When I ask him to describe Malawi in one word, he chooses the word “nice” and laughs. “It’s a place going through a lot of transition, there’s a lot of changes, from traditional structures to modern structures and so far Malawians are being cute about it, nice about it. It’s a place where people handle challenges with good temper. It’s a friendly place Malawi, it’s the poorest country on earth, you can’t get lower than Malawi (Laughing) but the values there are different.”

When Samson opens his talk, the first slide he shows us is of a map of Africa with Malawi highlighted and explains that once he had an exhibition in Germany and they thought he was from Mali, so he realized it’s important to show people where is Malawi.
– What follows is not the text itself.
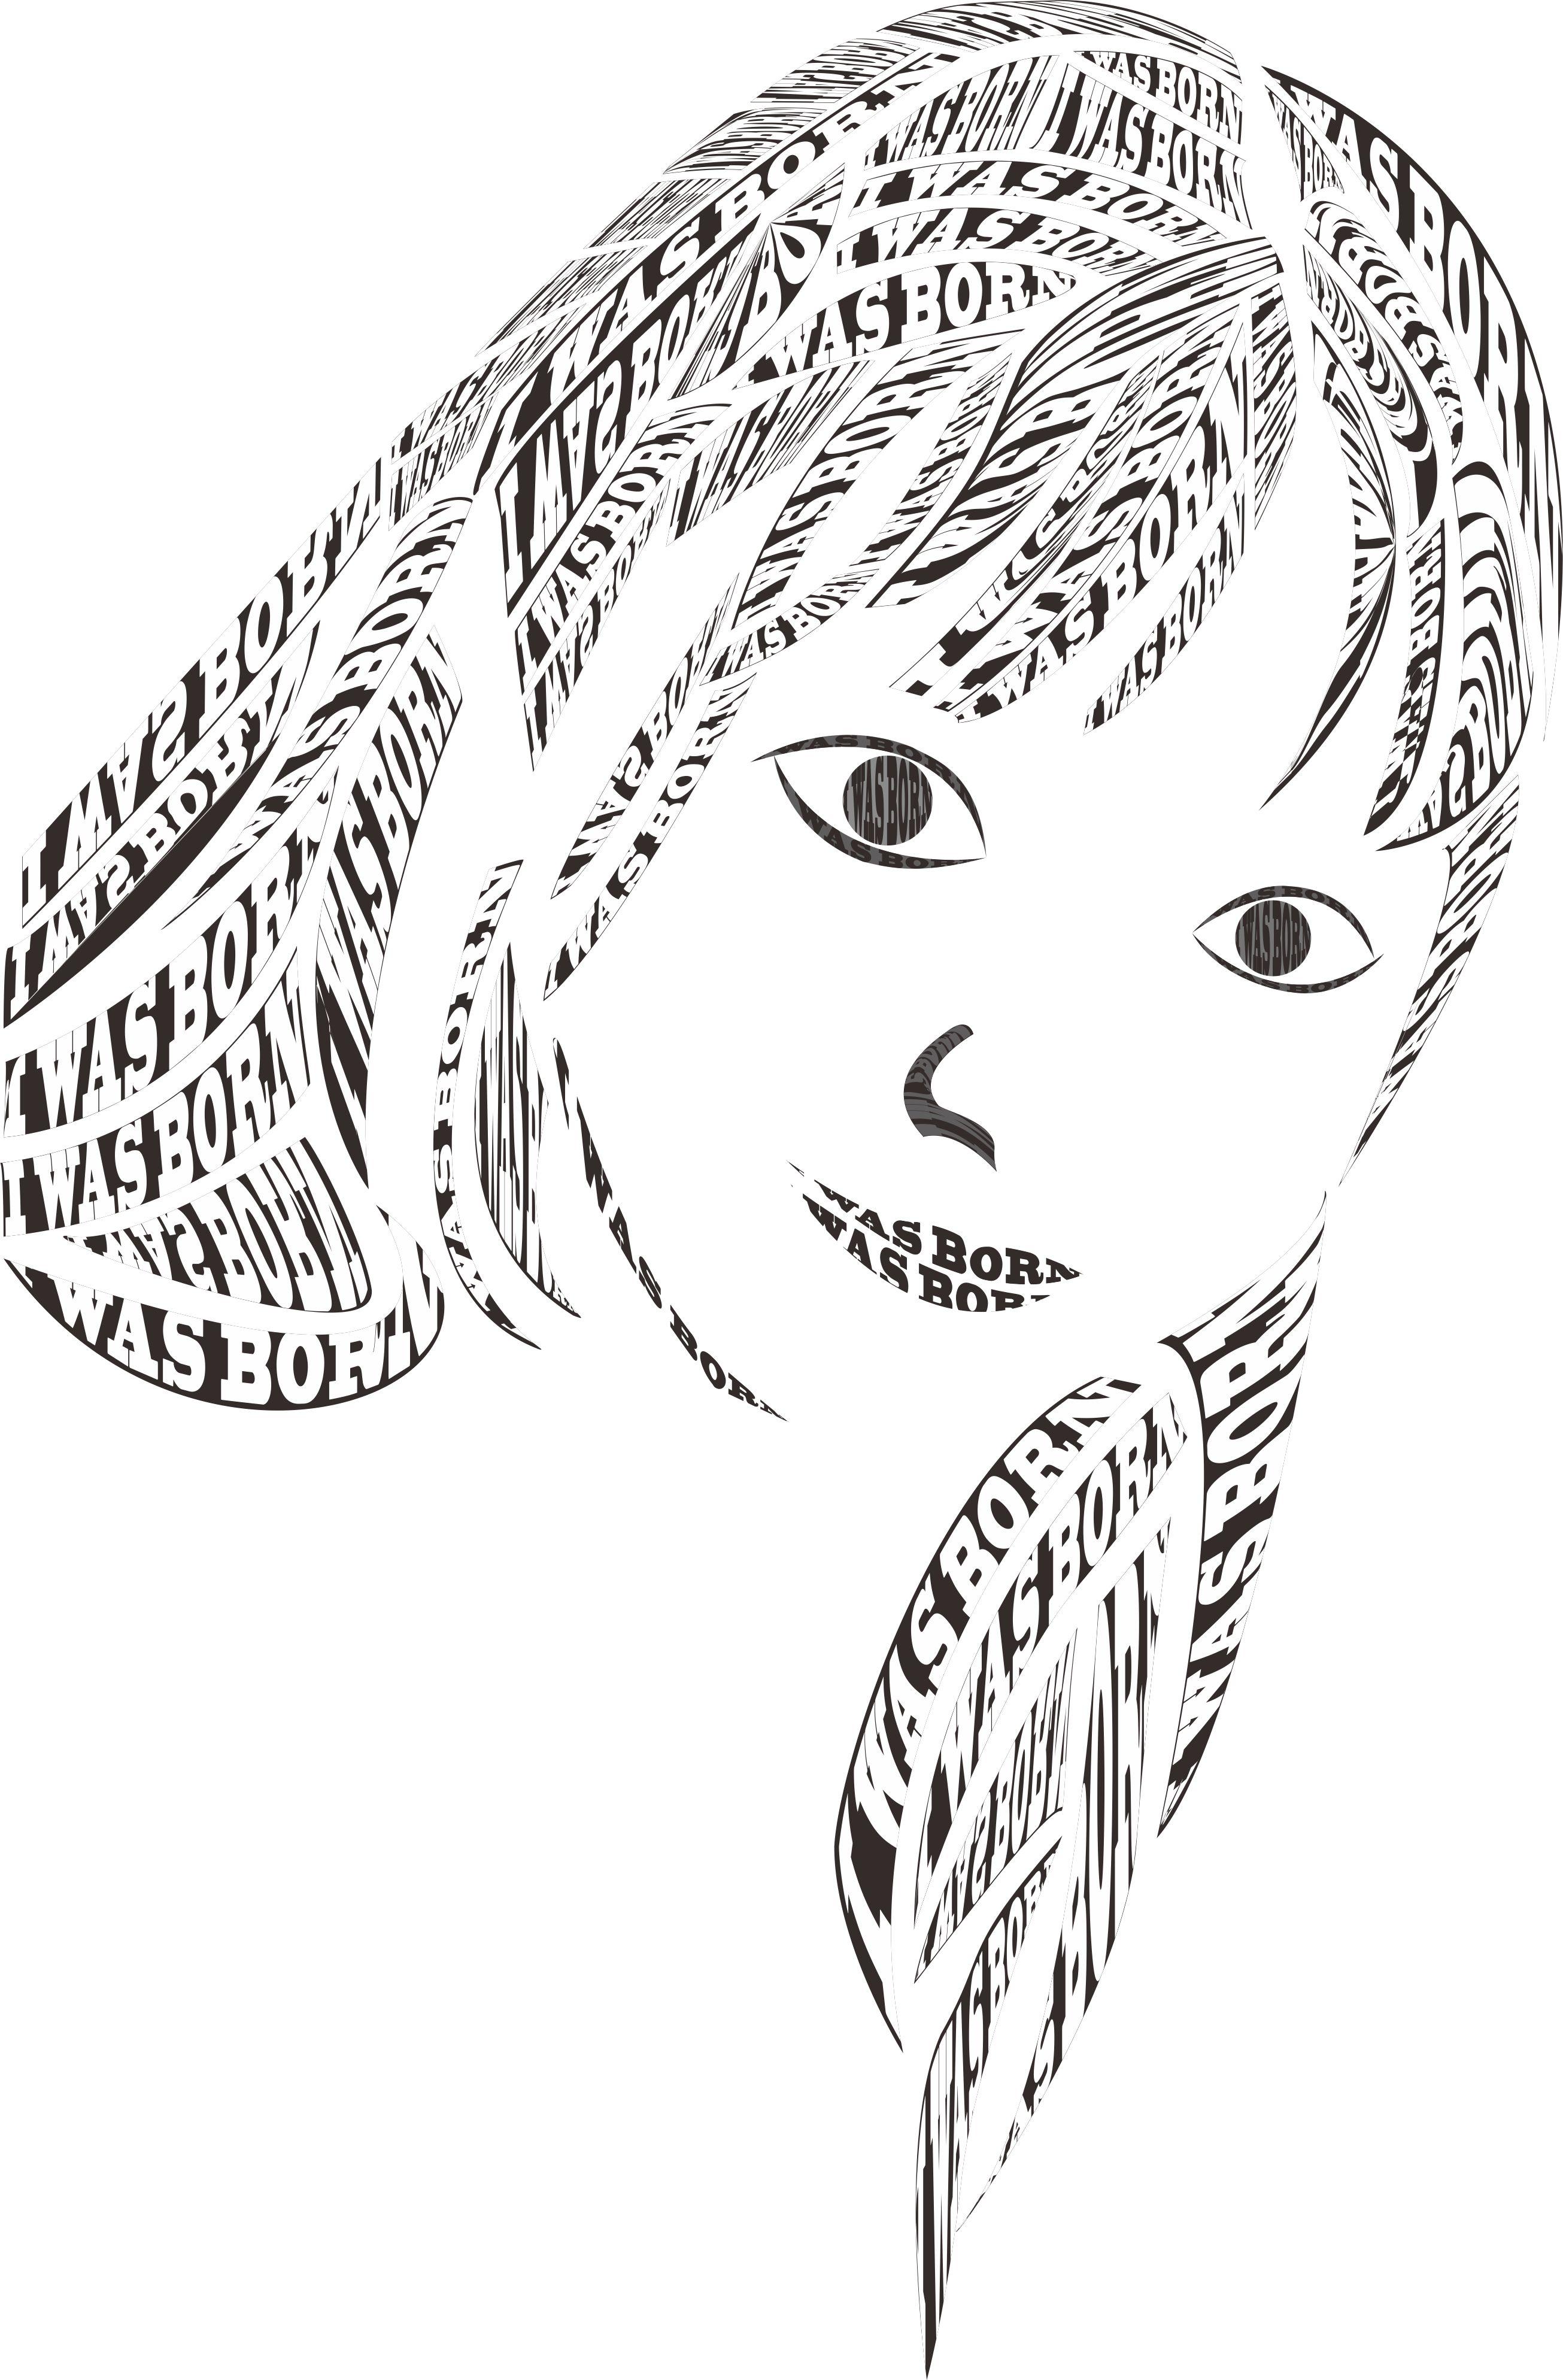 简笔画 手绘 线稿 2611_3975 竖版 竖屏

“In tribes you don’t have jobs so you have a lot of time in your hands. There is a sense of party and play in which you can give gifts. Modern mask making is a way of allowing the gift to move, a way of time wasting. Nyau masks exist outside of god. It’s a philosophy more than a religion. When people look at Africa they think it’s exotic, they think Africans believe in these masks but it’s play, African’s know, they are very philosophical about things, even more philosophical than Europeans perhaps, in terms of knowing that it’s just play. If you have a god in your house, you pray to him and if he doesn’t answer, you chuck him out, you make another! (Laughing). How can you get more playful than that? People in Malawi still build their connections through relationships rather than business. You can’t quantify that economy, you can’t put it in figures, its a place of gift giving. It’s about relations, community, and it’s about being in the world. Pursuing values that are not countable but that count. So they are not the richest in the world but they are there and that’s why Malawi is a nice place to live in- you can have nothing but still get along, there’s challenges but it’s liveable. And it’s beautiful to look at by the way! It’s a beautiful country. People like to go to Zimbabwe, Kenya, South Africa… but I think Malawi is beautiful.”

Samson started his career by writing a memoir, resulting with his award winning book ‘The Jive Talker: Or, How to get a British Passport’ and this is also what he advices young people graduating from art schools today, “Writing a book is very demanding but it was a way to discover things I’m passionate about and one of them was film- and I’m making films now! The childhood experiences between the age of 5 and 12 make a big impression on us and what we later do as artists usually comes from our experiences as kids. So discovering your passions is a good way to start because when you are making something that you are passionate about in art, that’s half the job done.”

Samson Kambalu is represented by Kate MacGarry Gallery in London and his exhibition “Introduction to Nyau Cinema” at Whitechapel Gallery is on until January 8th 2017 and is free to enter. He will also be premiering new works at the film section of Frieze London 6-9 October 2016.